AI in a networking management environment is not new — in fact, some use cases date as far back as 2018. Key prepackaged AI use cases include leveraging machine learning to proactively analyze optical network telemetry to identify anomalies and prevent failures, while another uses machine learning to analyze traffic flow patterns and determine cross-domain links.
For instance, a leading service provider in North America is leveraging an AI-driven solution for proactive service assurance, which enables the company to enhance the reliability of its optical and Ethernet networks. This was achieved by predicting potential Loss-of-Service (LoS) events within a seven-day window, allowing for preemptive resolution of issues before they could escalate to outages. The system was designed to automatically generate tickets for high-probability predictions, thereby streamlining the remediation process.

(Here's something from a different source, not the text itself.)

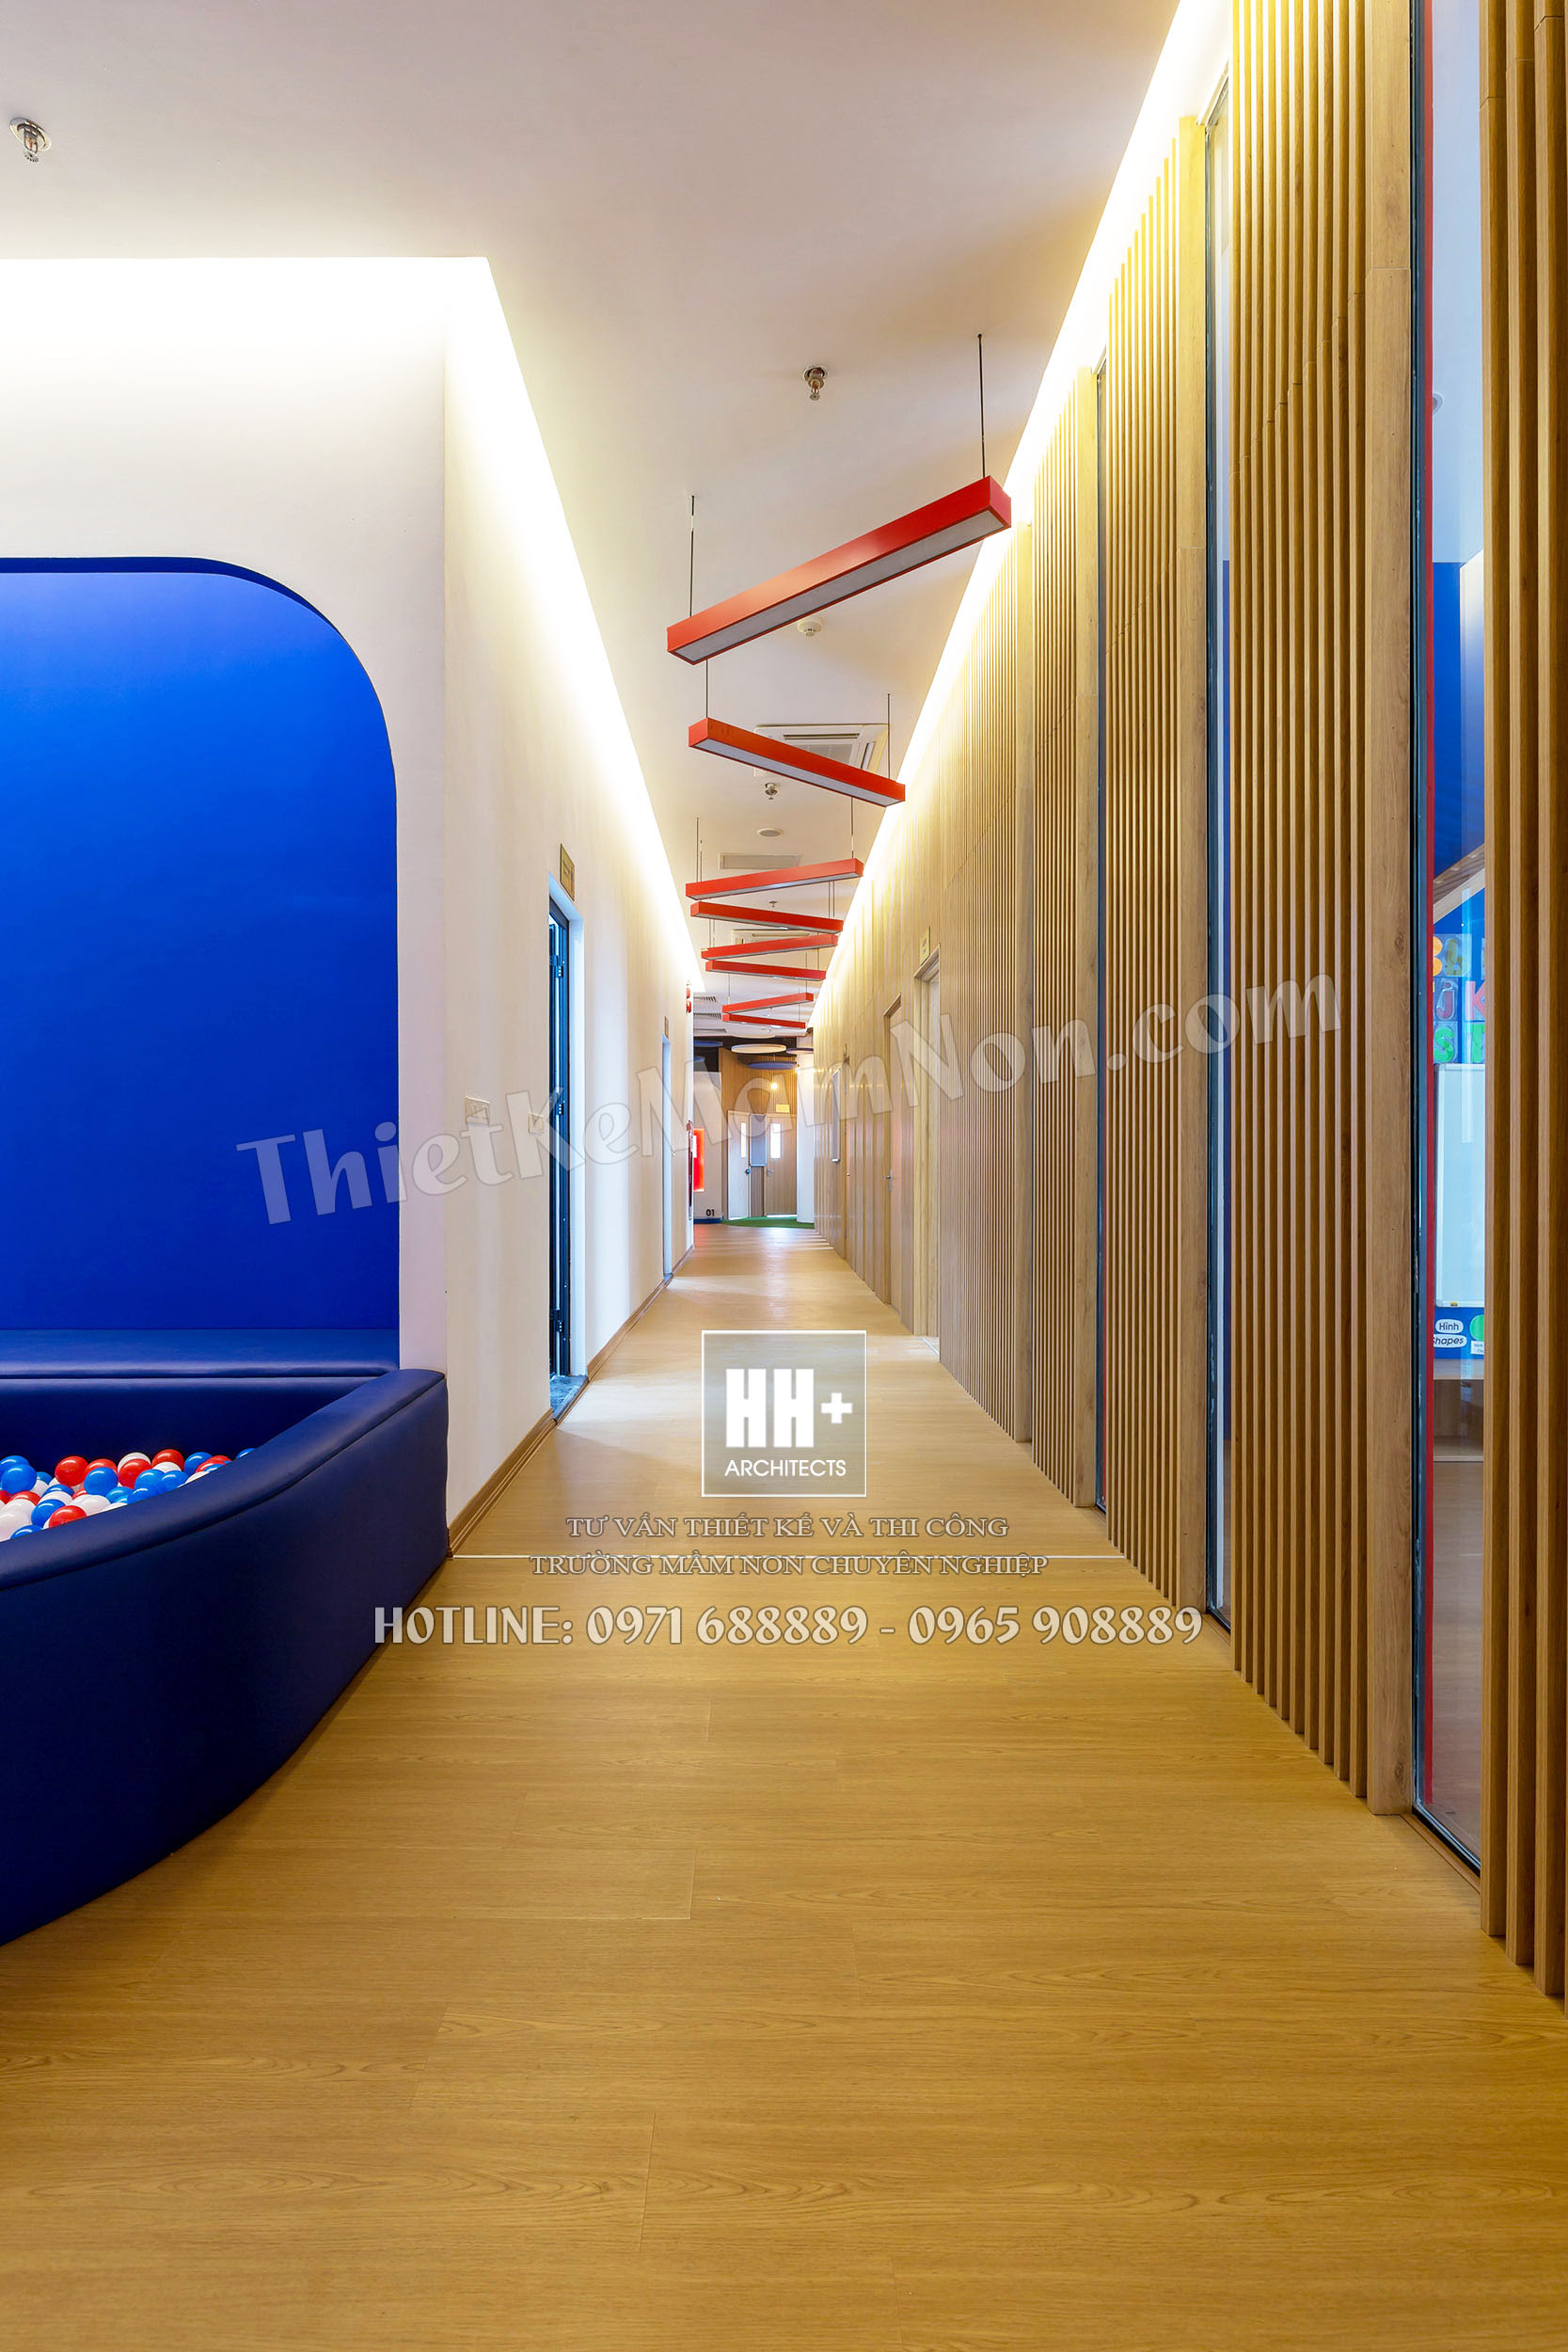 Rosemont_hanhlang_01 thiết kế trường mầm non Thiết kế trường mầm non Quốc Tế MỸ ROSEMONT Rosemont hanhlang 01

The benefit for this service provider is the ability to predict and prevent service issues before they impact their customers and prioritize and dispatch the most critical issues with confidence. This will lead to an improvement in long-haul network uptime, a reduction in outages reported by customers and a decrease in the need for on-site maintenance, all contributing to better operational efficiency and an improved customer experience.
But the next step is packaging use cases and AI technologies like this one with others into one killer application.
The OSS of tomorrow — AI designed into a suit of use cases
To get there, those in charge of developing the AI-driven OSS need an open approach to AI, leveraging the right AI for the right use case. And when it comes to generating revenue from AI, CSPs see multiple avenues to achieve it.
According to the study, 40% of respondents believe revenue will come from opening their networks to third-party integrations; 37% believe revenue will come from security and privacy services; the same number (37%) believe it will come from new product offerings; 35% believe it will be from the creation of tailored subscription packages; and 34% believe revenue will be from differentiation on quality of service for connectivity.
Simply put, there is no single AI solution that can address all of those potential offerings, and certainly no single vendor that can create all of the required AI applications for an OSS. OSS providers need to look beyond the potential for a silver bullet solution and understand that the killer AI-driven OSS is going to require best-in-class applications from multiple vendors.
It needs the ideal AI technology for specific use cases, including traditional unsupervised, supervised and reinforcement learning, as well as gen AI where it makes sense — such as for coding or customer inquiries.
From there, these AI use cases need to be woven together into the single OSS by providing SDKs that allow customers and partners to onboard homegrown, or third-party, AI capabilities and algorithms.
The key benefit to this approach is that CSPs don’t have to modernize their OSS stack all at once — the end goal is a single source of truth, but getting there can be done at the pace the CSP is comfortable with, only picking from the AI applications that best fit.
Those in the OSS game hunting for the killer gen AI application risk going down the wrong path if they take a myopic approach. Instead, taking an open and programmable approach to using AI is the only way to developing and implementing the Killer AI app every other CSP is racing to unearth.